WHAT NEEDS TO BE DONE: Begin at the line containing "Gray Pine tree" and copy exactly through the last line of the listing, skipping every picture.

GIVEN DATA:
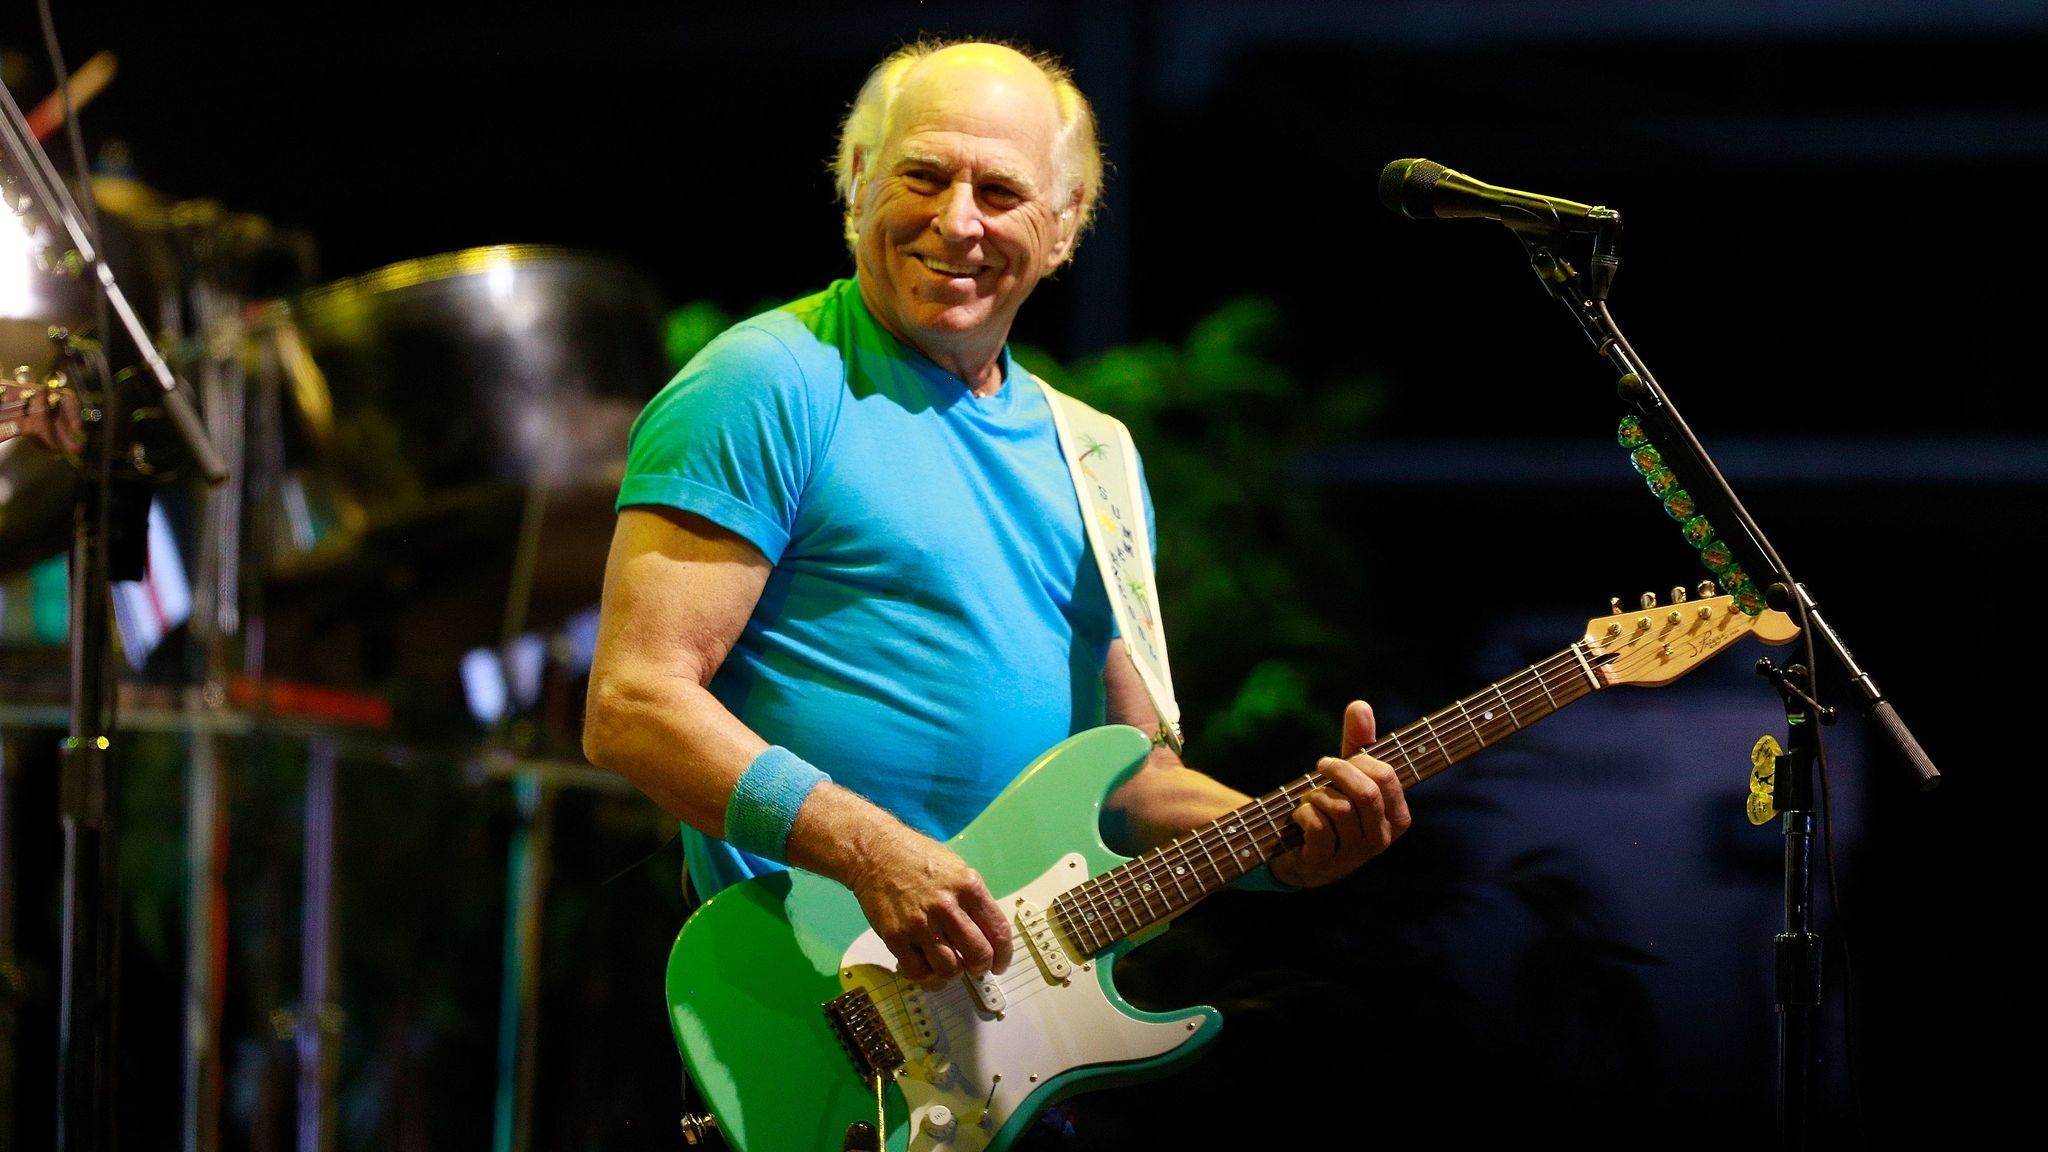 Jimmy Buffett's surprise March 28 Belly Up show sells out in less than a minute - The San Diego Union-Tribune
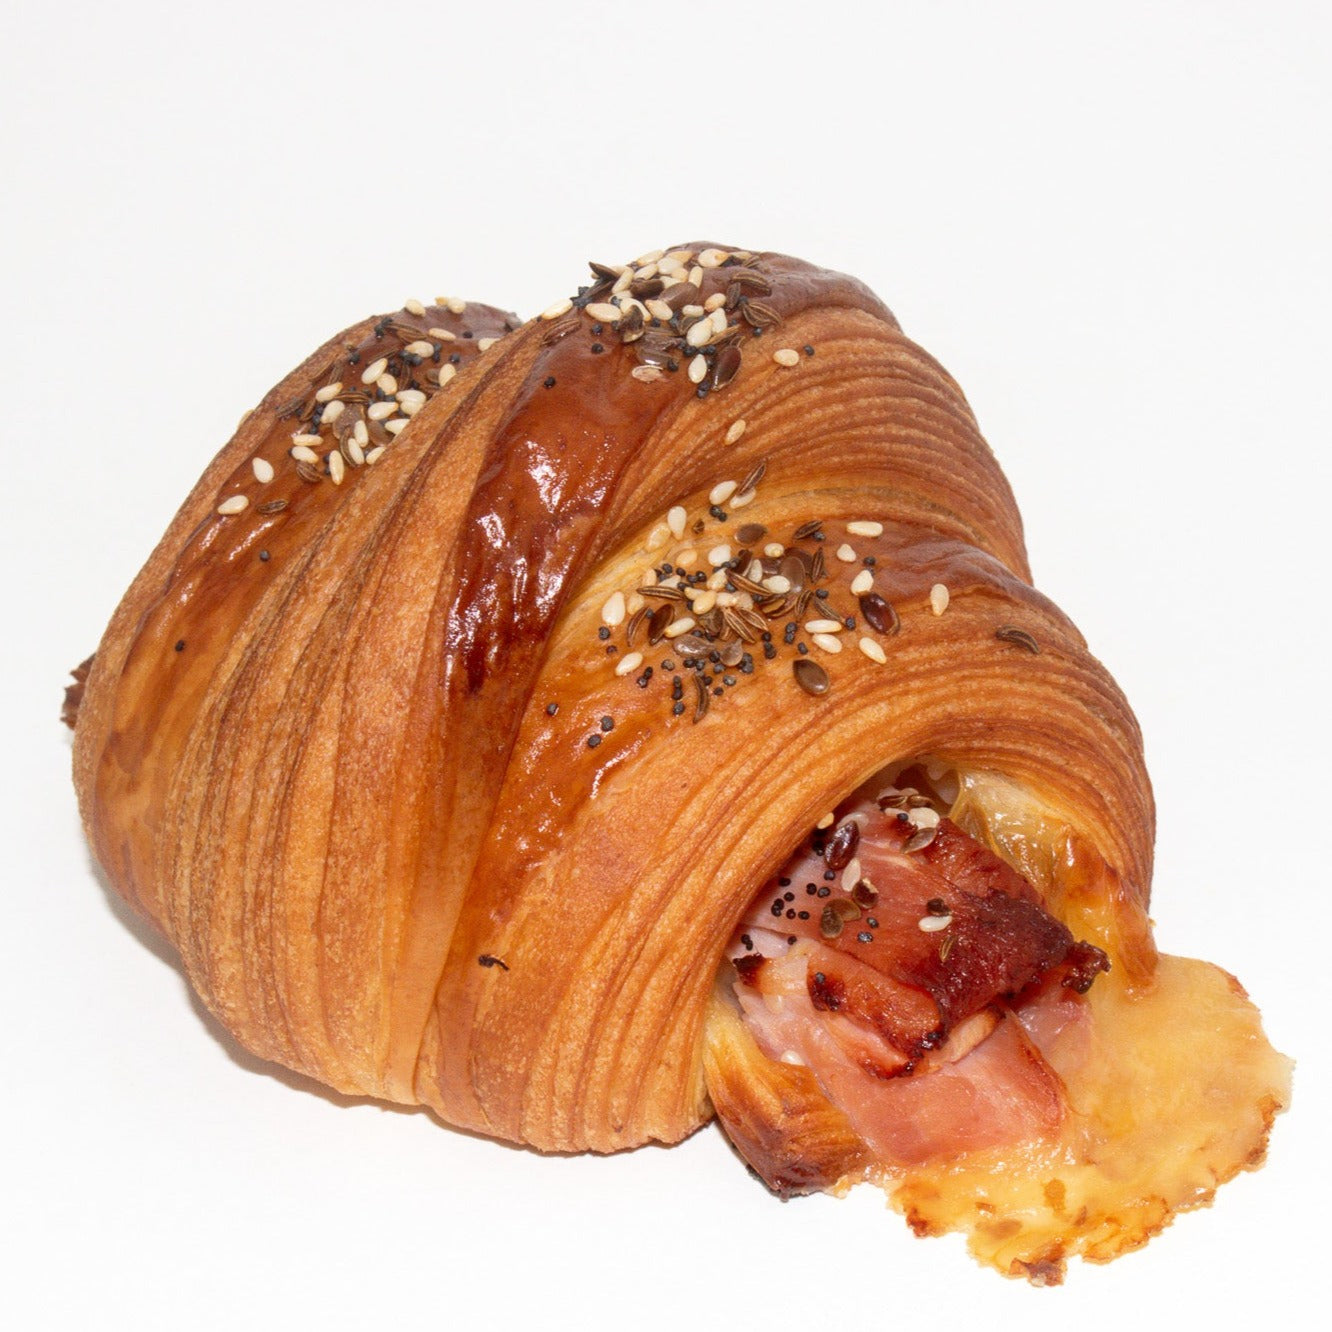 Image of croissant with ham and cheese in the middle, and seeds on the top
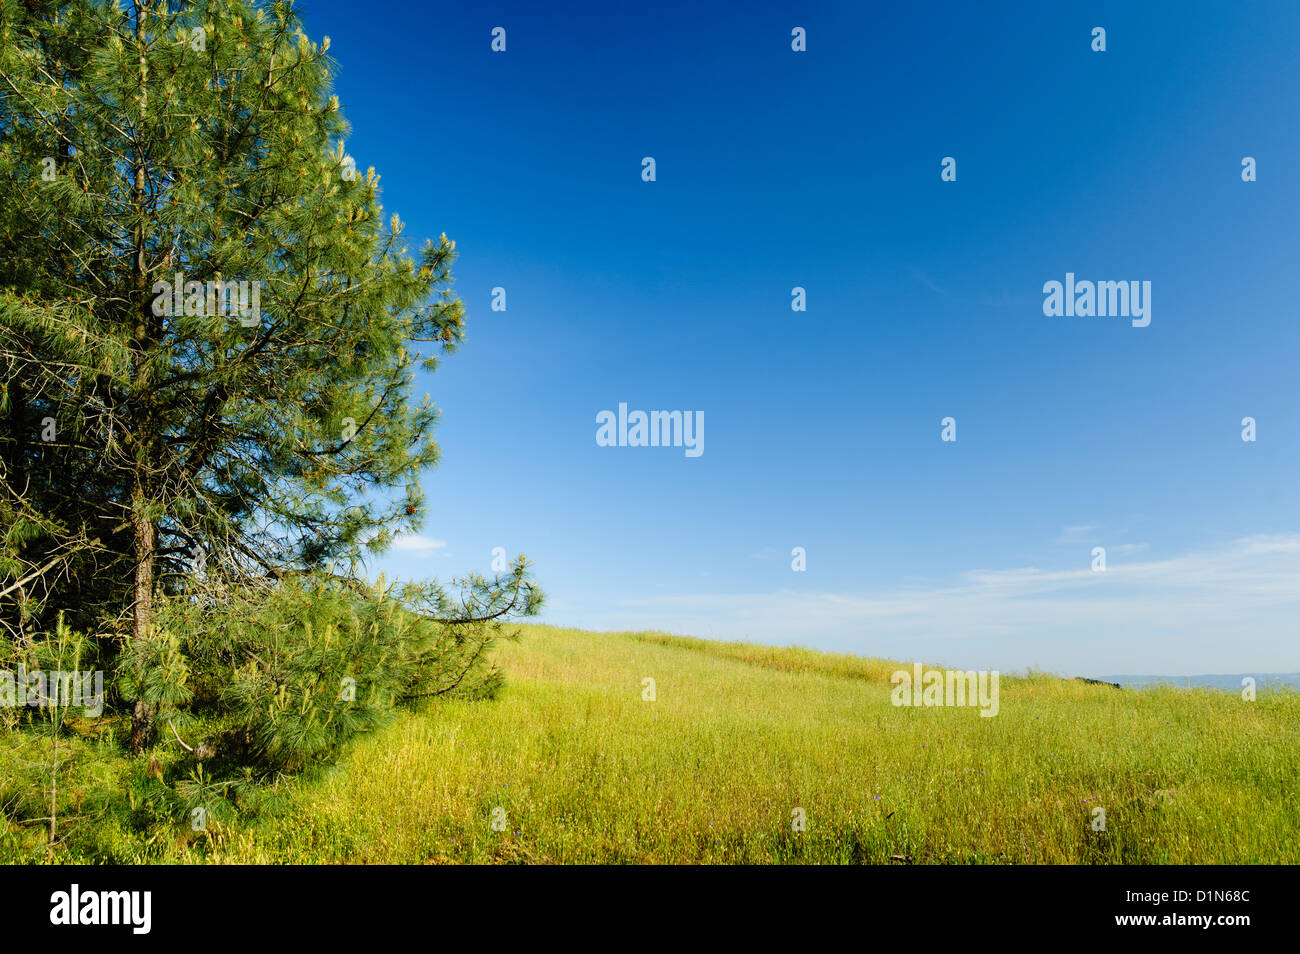 Gray Pine tree or Pinus sabiniana in a grassy meadow, Mount Diablo State Park, Contra Costa County, California, USA Stock Photo
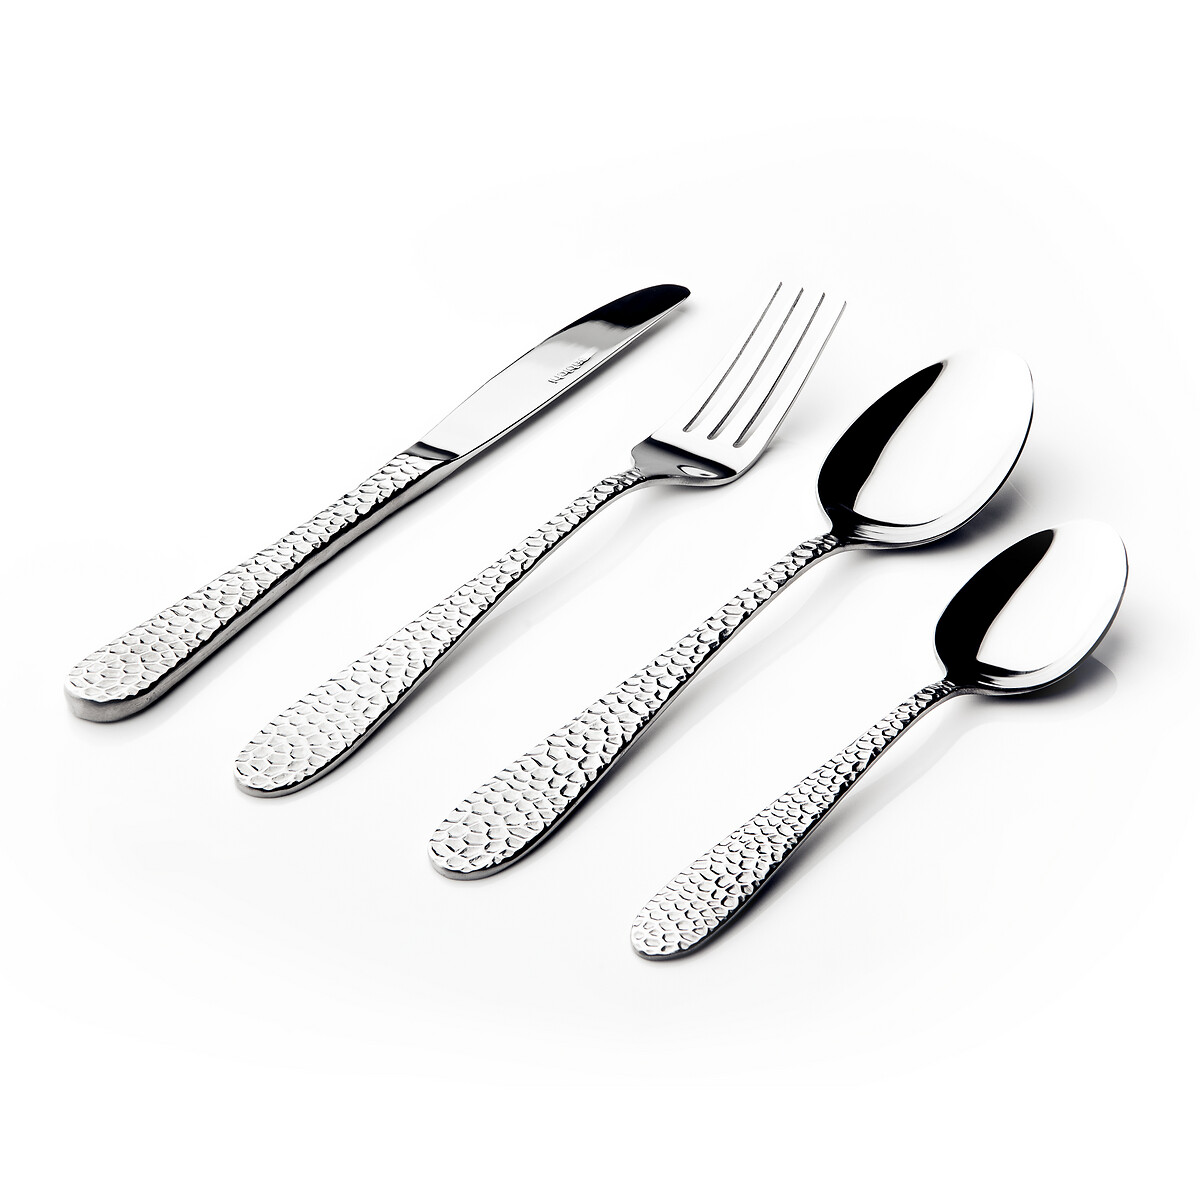 16 Piece Hammered Stainless Steel Cutlery Set

WRITTEN ANSWER:
 Gray Pine tree or Pinus sabiniana in a grassy meadow, Mount Diablo State Park, Contra Costa County, California, USA Stock Photo
 16 Piece Hammered Stainless Steel Cutlery Set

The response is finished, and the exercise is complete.